The second aim leads me to zoom in on the questions of public relevance that such algorithmic ecologies of sensation entail. Which political options are blotted out by algorithmic mediation? Which organizational relocations of knowledge, power and accountability are involved? And, finally, what economy thrives on the ubiquity of algorithmic ecologies of sensation? My illustrations of some of these points are based on a study of Google’s search algorithms, and they stem from a more encompassing research interest in ubiquitous monitoring and ecologies of sensation.
Session 3: Inclusions/exclusions and algorithms
The Algorithm Will Include You Now: What’s Digital Payment All About?

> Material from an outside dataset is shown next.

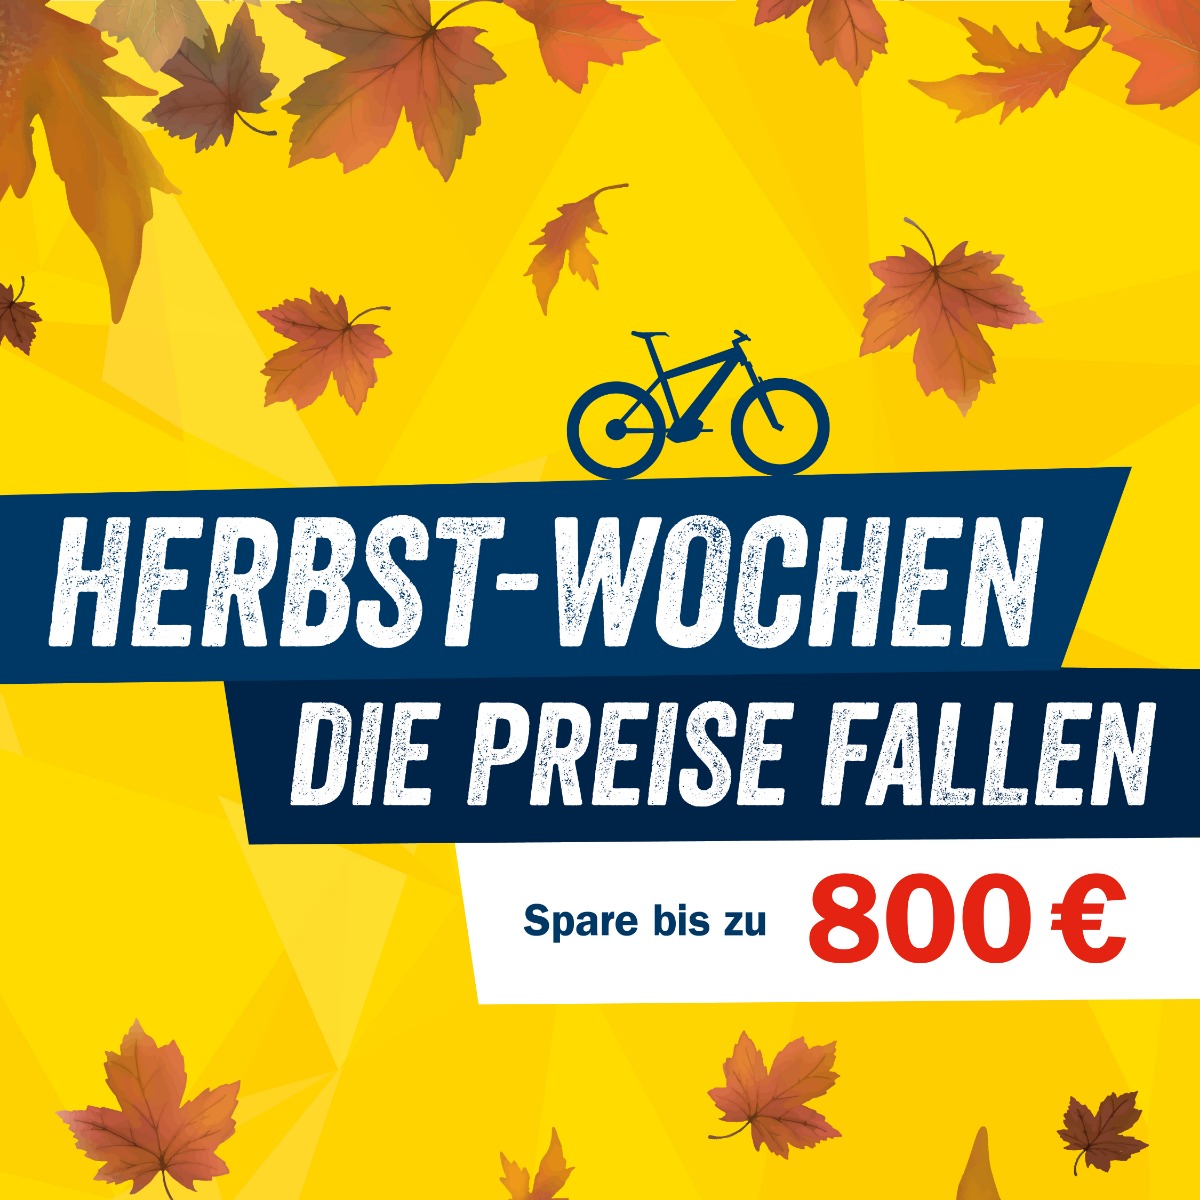 Bike Angebote in den Herbst-Wochen

Bill Maurer, University of California at Irvine
This talk will set out the main business arguments for financial inclusion via mobile and digital payment services in the global South, as they have evolved over the past decade. What began as an argument for revenue collectors about formalizing “informal” economic practices and financial flows for tax purposes, later morphed into a full-throated argument for “financial inclusion” whose business case was murky at best. In the face of this, providers started changing tactics, seeking new ways to use transactional data generated by electronic payment. The talk will reflect on these shifts, from the service providers’ perspective, while opening up for discussion the very notions of “inclusion” and “exclusion” in emerging algorithmically-defined market spaces.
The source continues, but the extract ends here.